3. The Cyclical Nature of Emotional Trends:
• An important observation: Investors typically “turn optimistic” only when the market reaches new highs.
• They hold out for most of the rally and only start to regain confidence once the technical peak is passed.
• This psychological pattern causes investor participation to lag, creating what Lee calls “hate-fueled rallies.”
4. Current Market Position:
• The market is currently 17% above recent lows and just 3% below all-time highs.
• Lee predicts that investors will quickly turn optimistic once recent highs are passed.
Bullish Counter Signals
In this section, Lee presents his bullish analysis from a contrarian perspective, arguing that some indicators that appear bearish on the surface are actually signals of buying opportunities:
1. Fund Manager Positions (Bank of America Survey):
• U.S. stocks are the least heavily weighted asset class among global fund managers.
• This indicates an overly cautious attitude — a classic contrarian signal that suggests that negative expectations are already priced in.
2. Hedge Fund Behavior:
• Hedge funds are increasing their short positions in stock futures at a record pace — the fastest increase in the past decade.

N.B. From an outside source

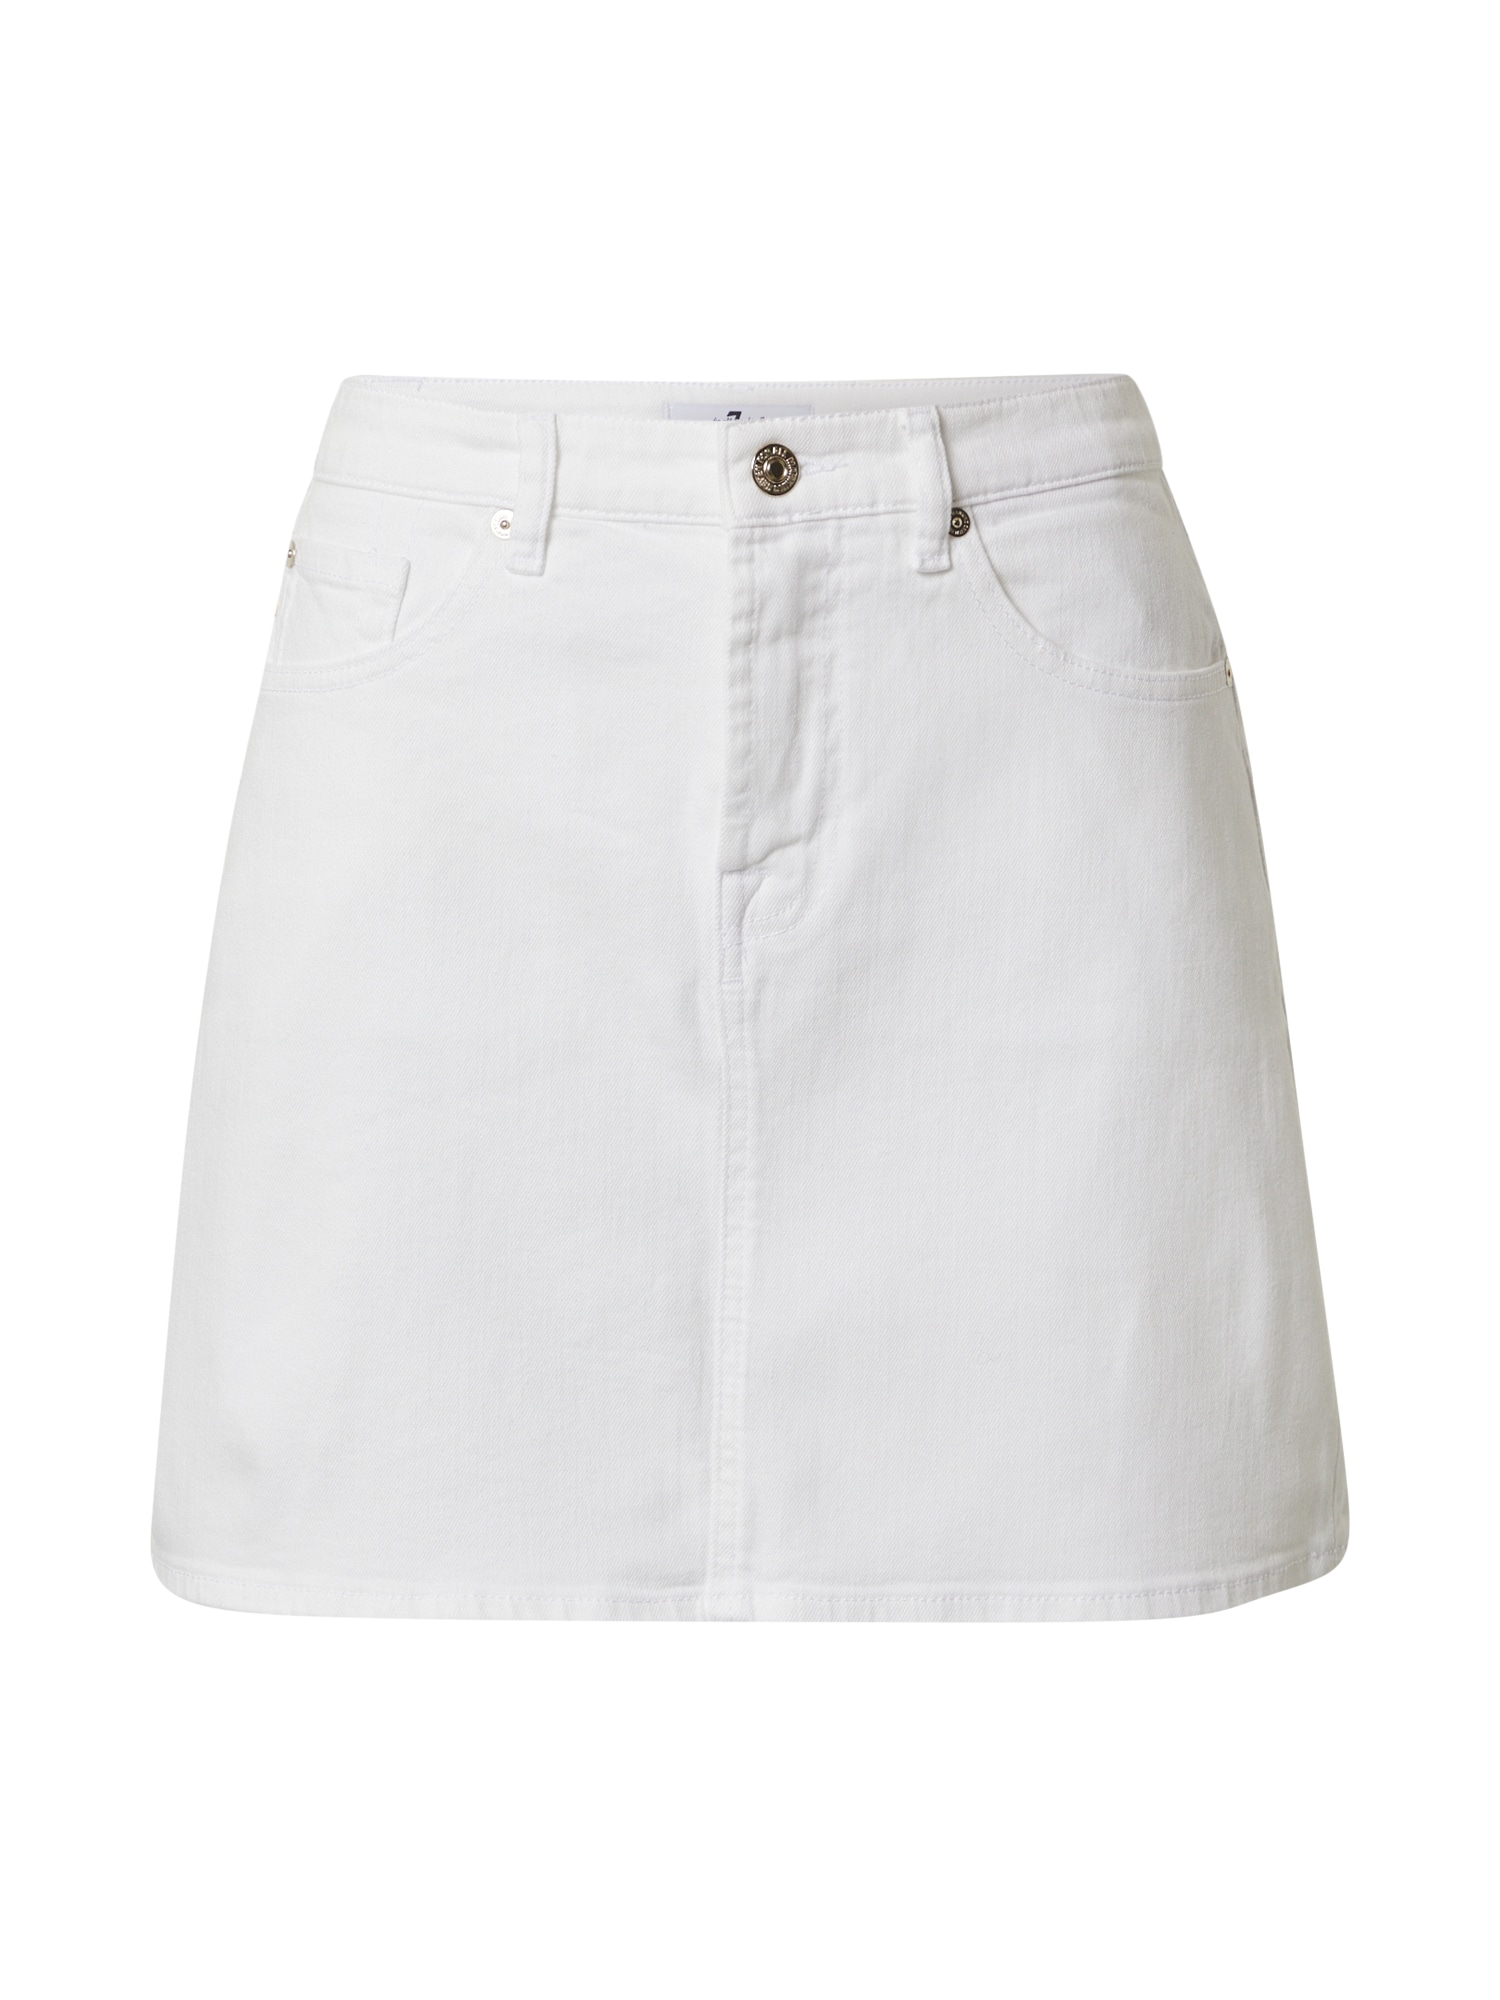 7 for all mankind Sijonas balto džinso spalva

• This suggests that a great deal of pessimism about the market is already being reflected in prices, according to Lee.
• If market sentiment changes or bearish expectations fail to materialize, these investors may be forced to close their positions — leading to a short squeeze.

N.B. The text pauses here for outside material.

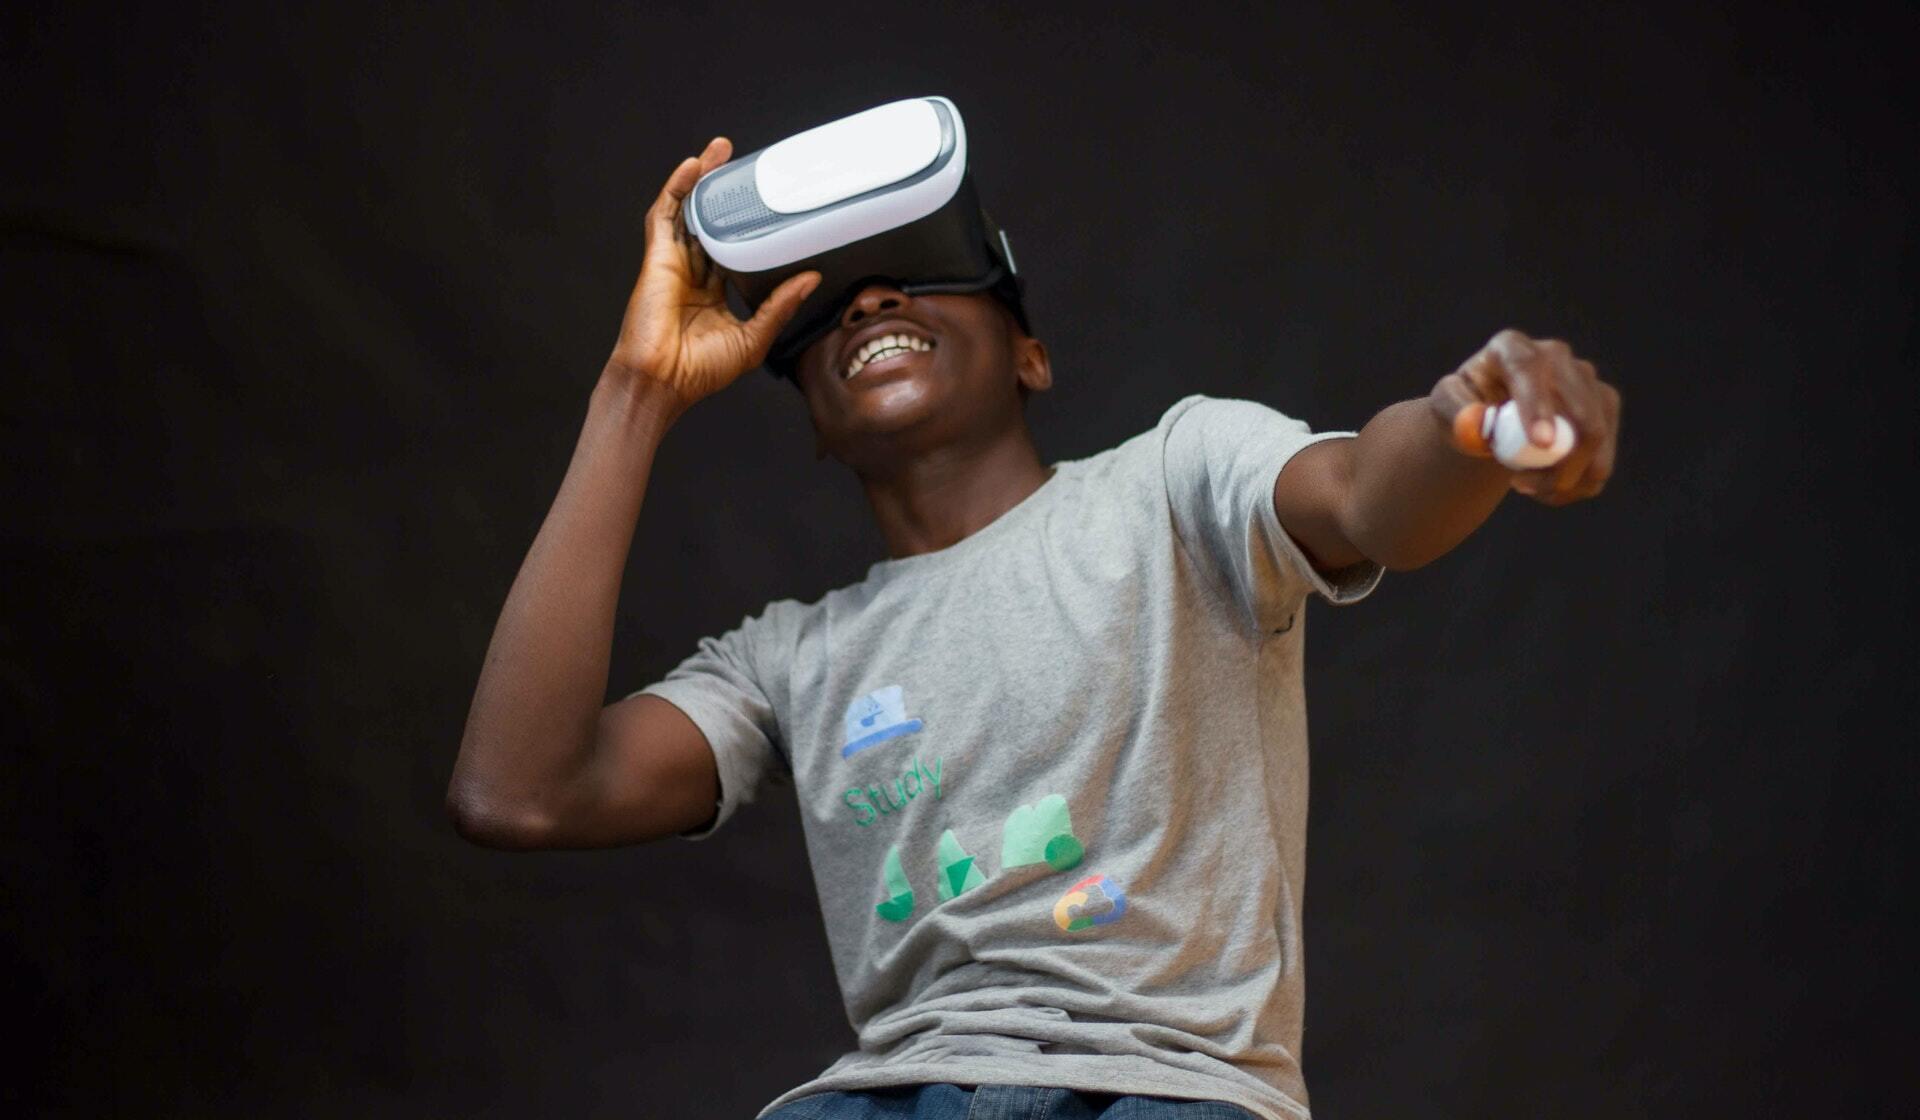 PODCAST 111: Futurist Churches & The Virtual Reality Multisite Campus

3. The Effects of Pessimistic Positions:
• With investors and hedge funds taking such a negative position, any positive development or continuation of the current momentum could lead to a dramatic turn in sentiment.
• Lee sees this as a “bullish undercurrent”: When everyone expects the worst, the upside potential increases.
4. Expectations in Pullbacks:
• Due to these extremely negative positions, according to Lee, any possible short-term declines will remain shallow, as the market is currently “climbing the wall of concern.”
5. Bitcoin’s Leading Signal:
• Bitcoin reached new highs before the S&P 500.
• Lee sees this as a positive leading indicator, emphasizing that Bitcoin’s movements usually precede major index trends.
• He attributes this to the increasing global liquidity that feeds both the crypto and stock markets.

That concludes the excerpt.